Exercise directions: Go to the line with "A member of" in the material below and copy from there through the line with "SIT-A-BOUT SNOWMAN SMALL", exactly. Pictures are not copied.

··· Provided data

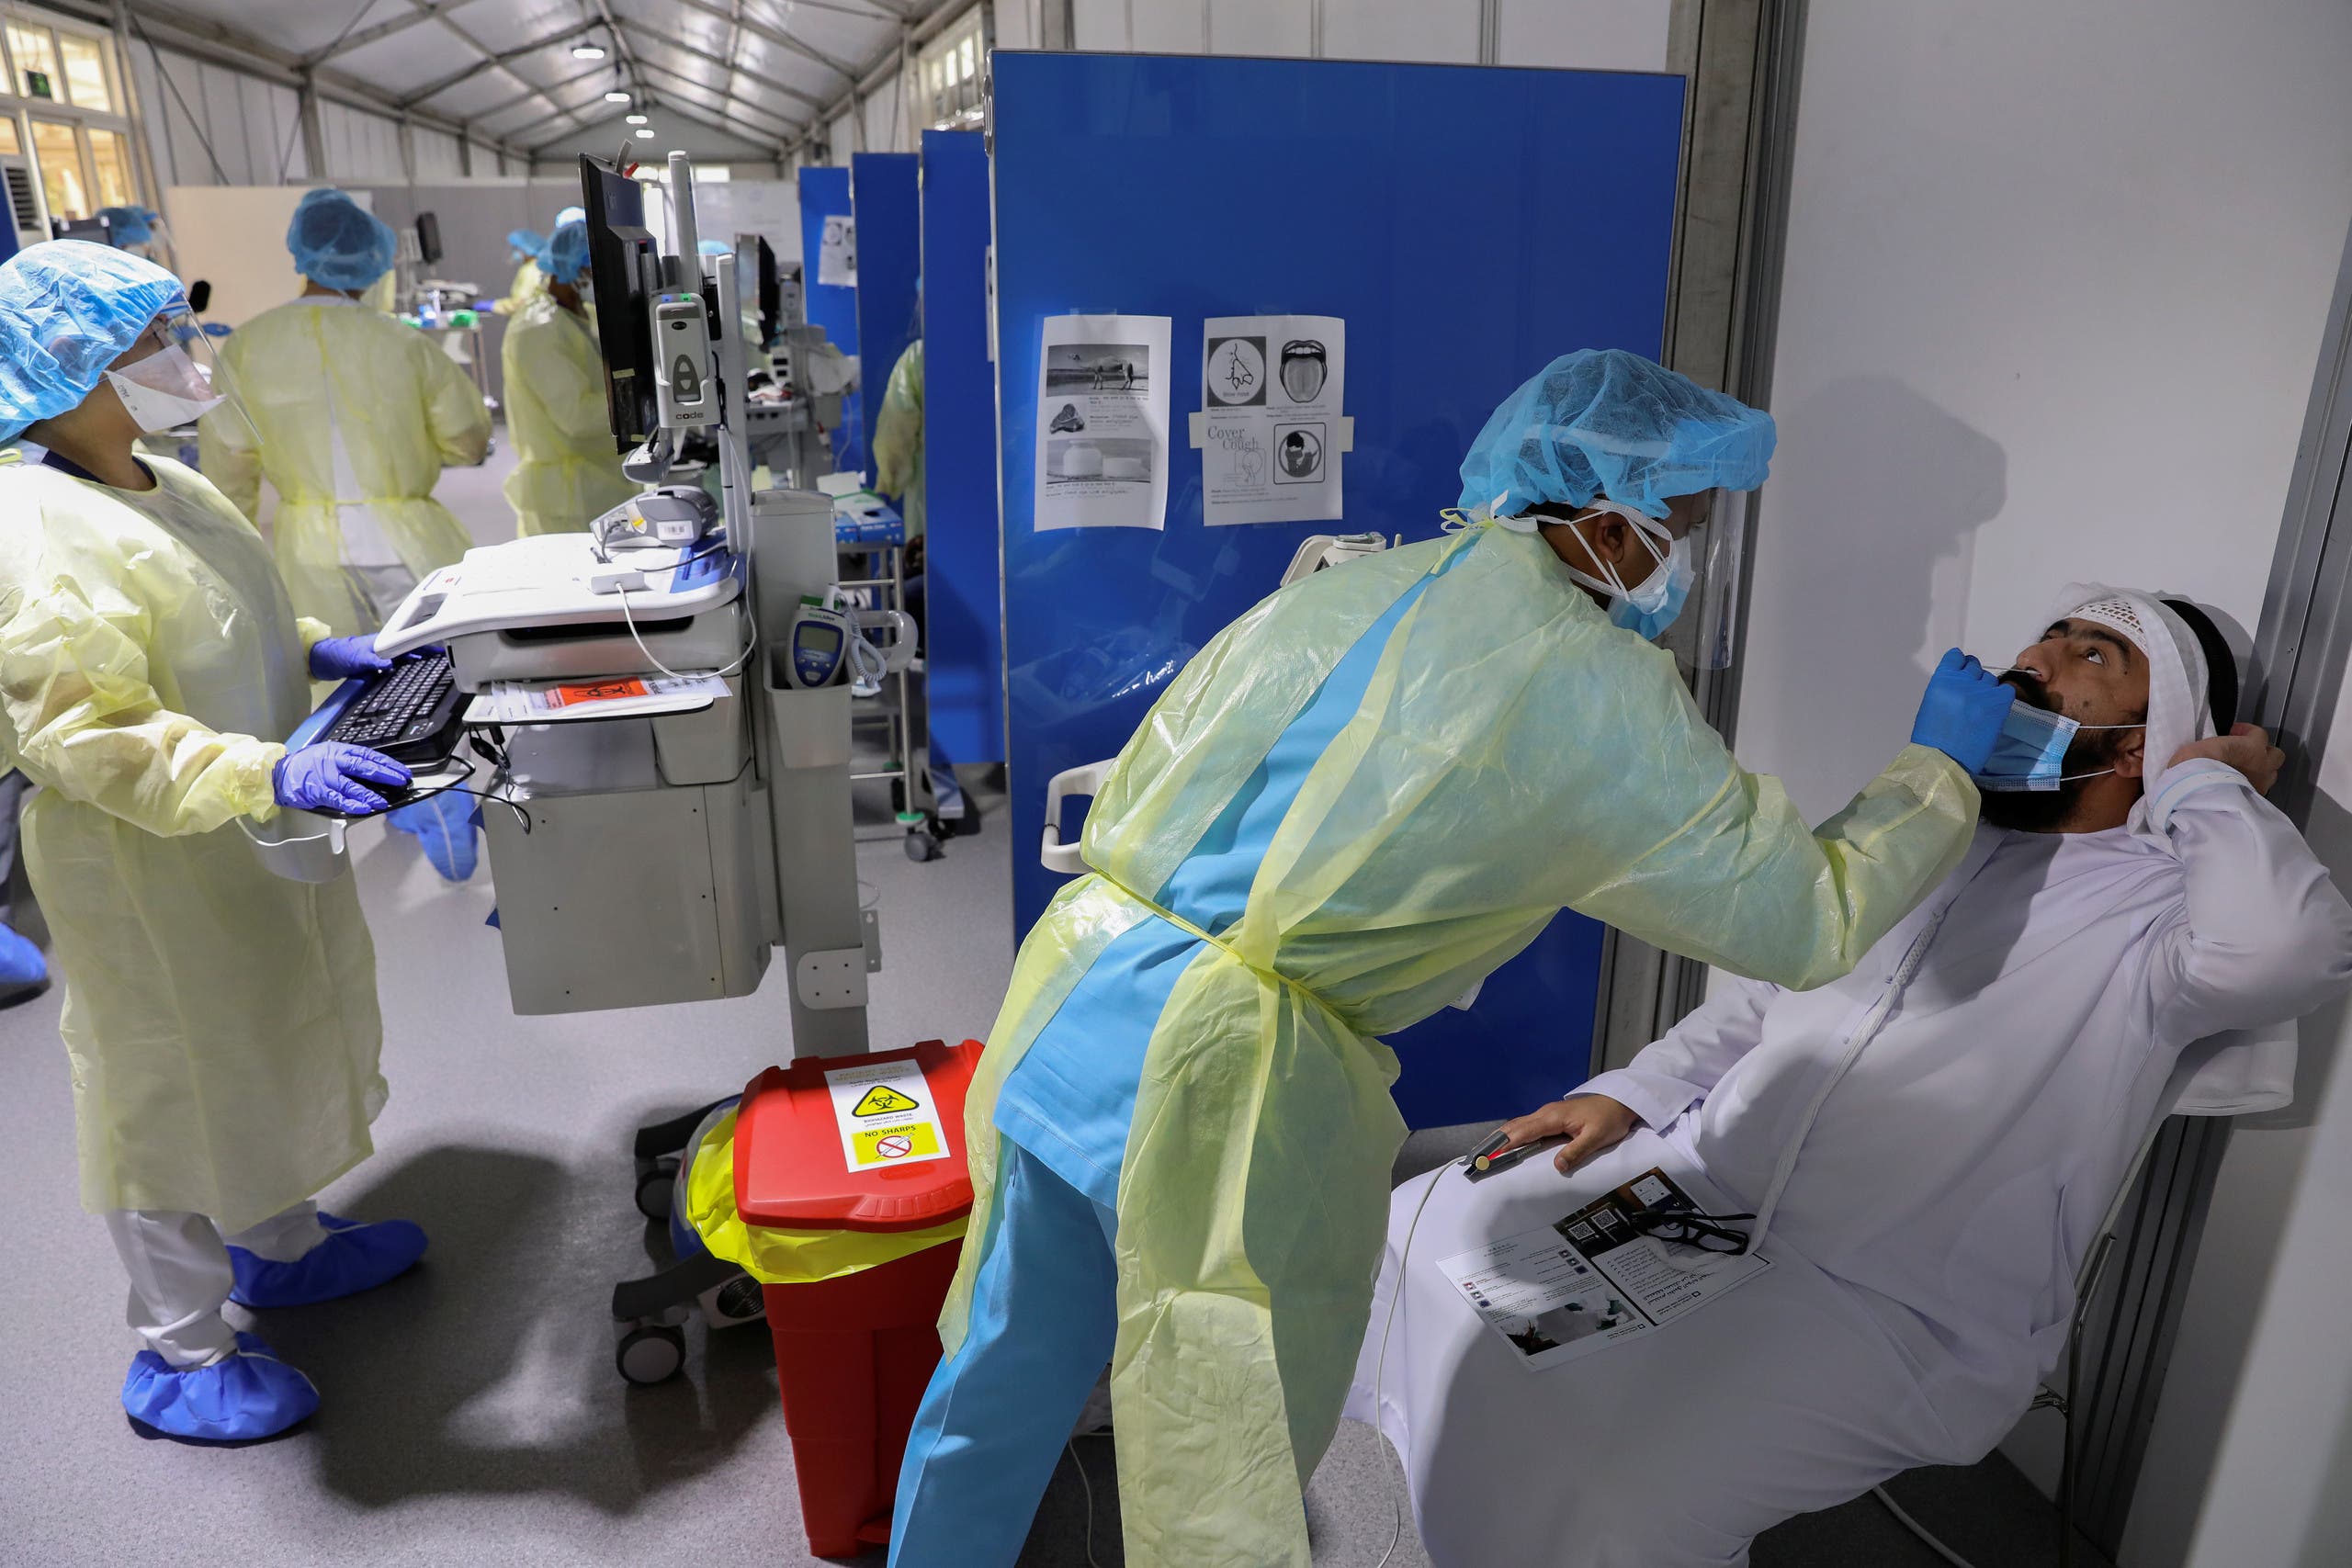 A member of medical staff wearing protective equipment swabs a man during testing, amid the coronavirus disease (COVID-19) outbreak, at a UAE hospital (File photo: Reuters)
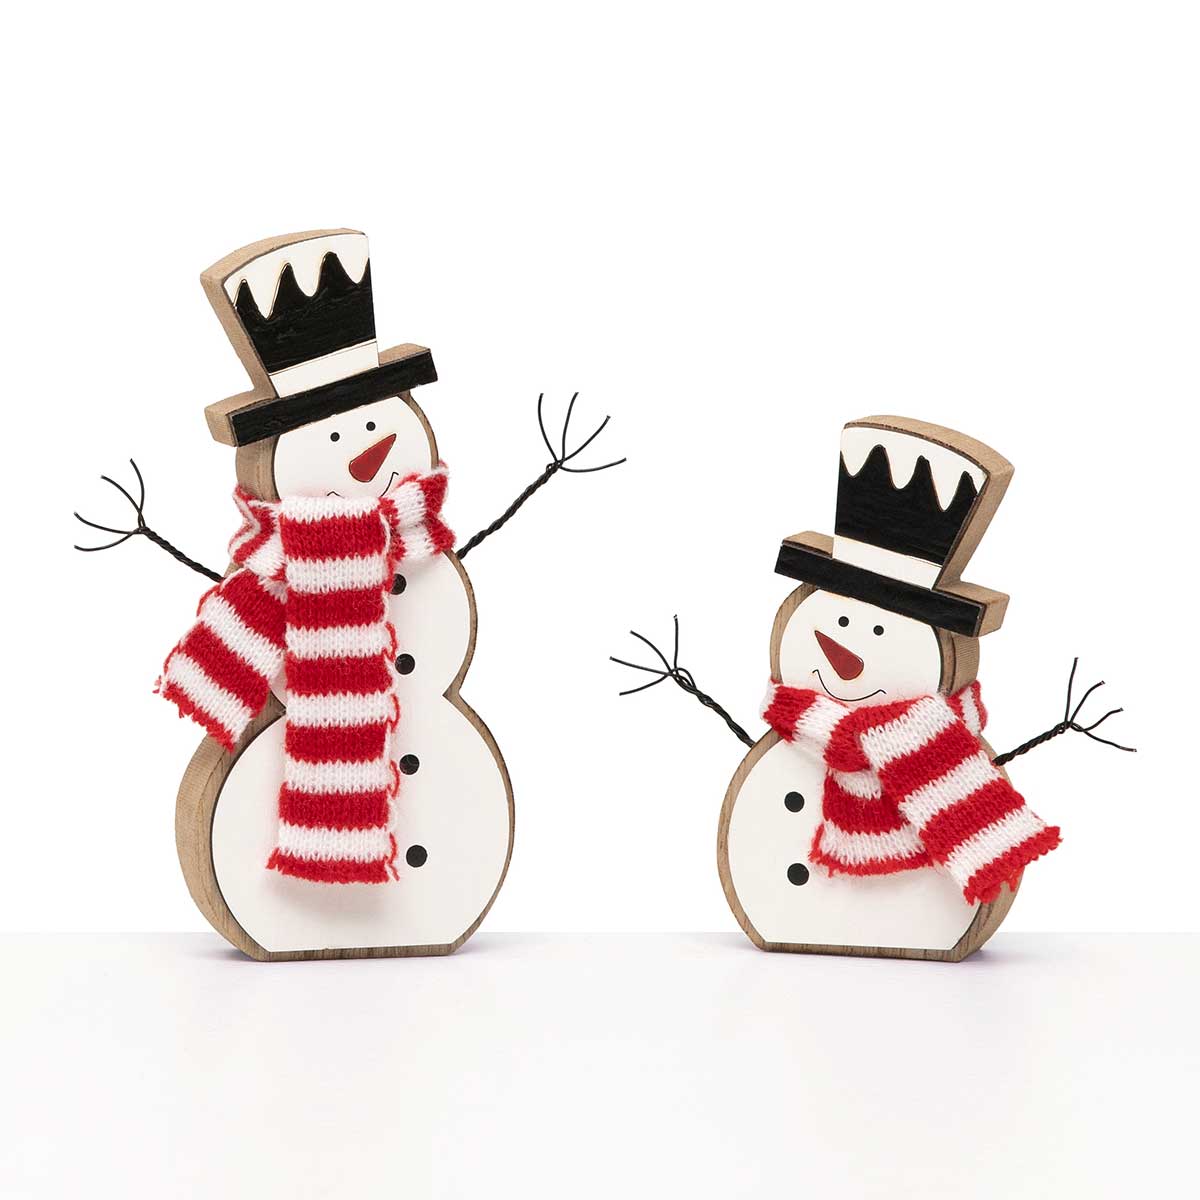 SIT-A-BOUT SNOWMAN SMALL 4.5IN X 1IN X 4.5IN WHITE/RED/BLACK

······
··· Provided data

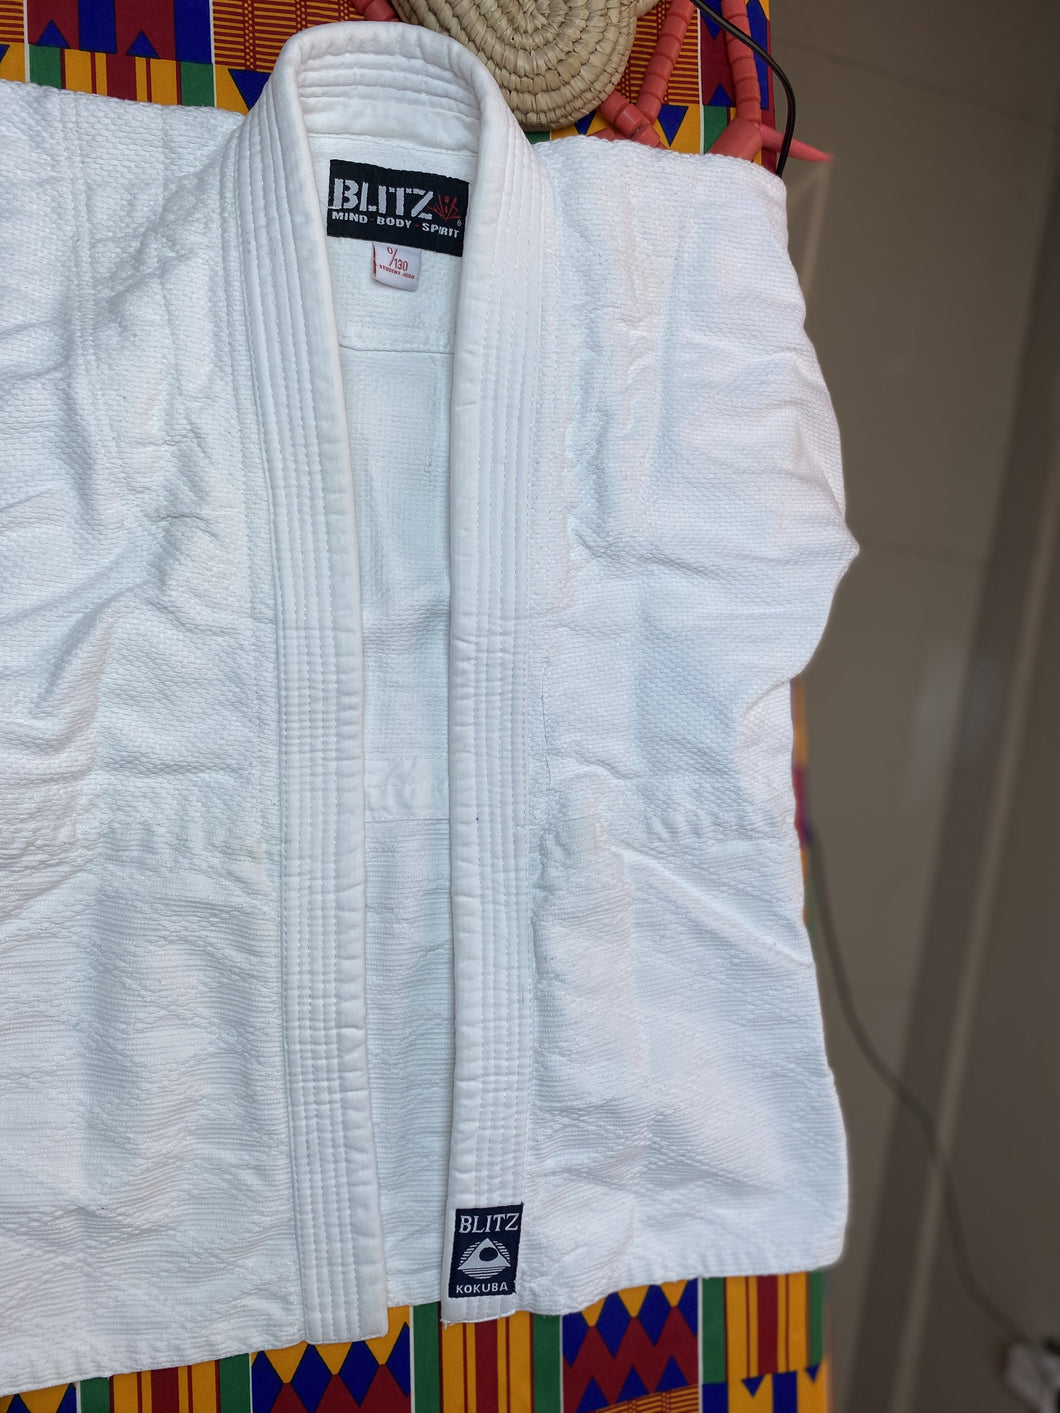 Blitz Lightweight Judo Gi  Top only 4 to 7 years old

······
··· Provided data

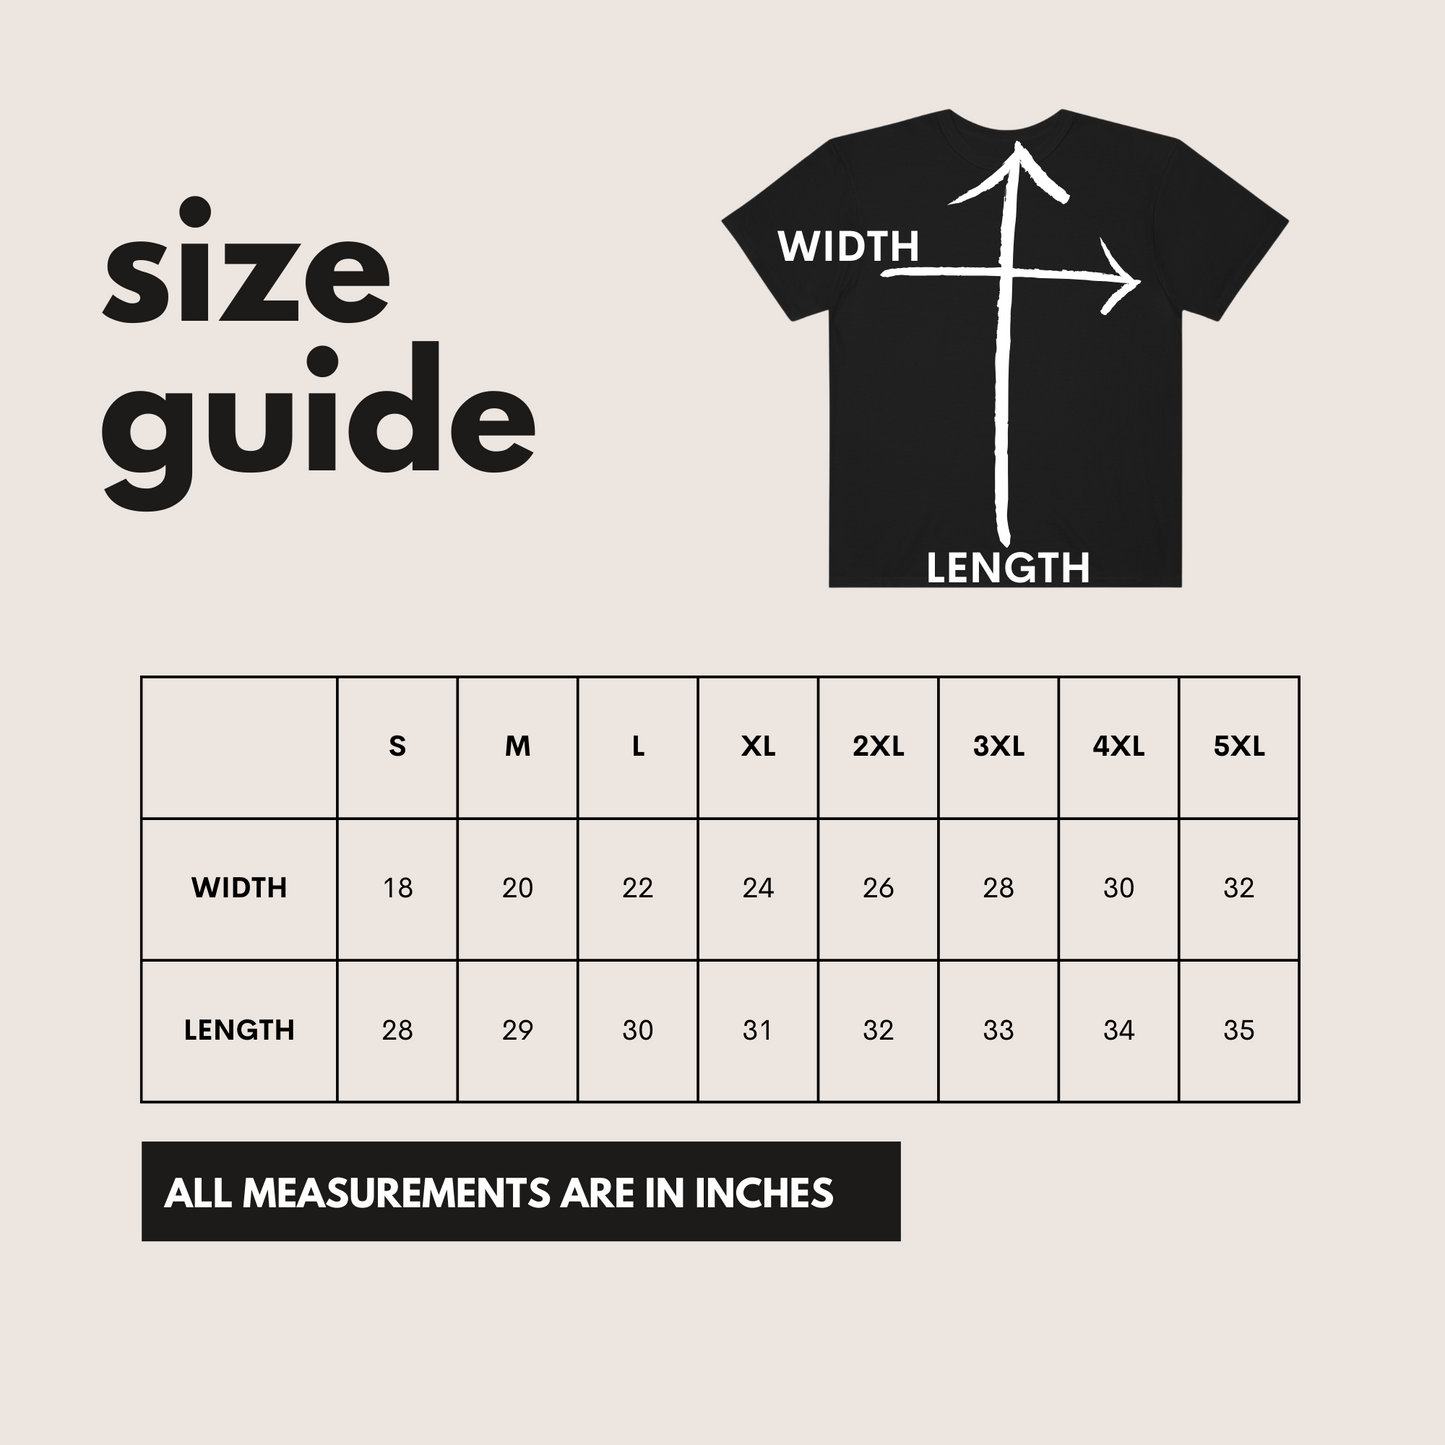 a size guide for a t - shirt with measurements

······

Solution:
 A member of medical staff wearing protective equipment swabs a man during testing, amid the coronavirus disease (COVID-19) outbreak, at a UAE hospital (File photo: Reuters)
 SIT-A-BOUT SNOWMAN SMALL 4.5IN X 1IN X 4.5IN WHITE/RED/BLACK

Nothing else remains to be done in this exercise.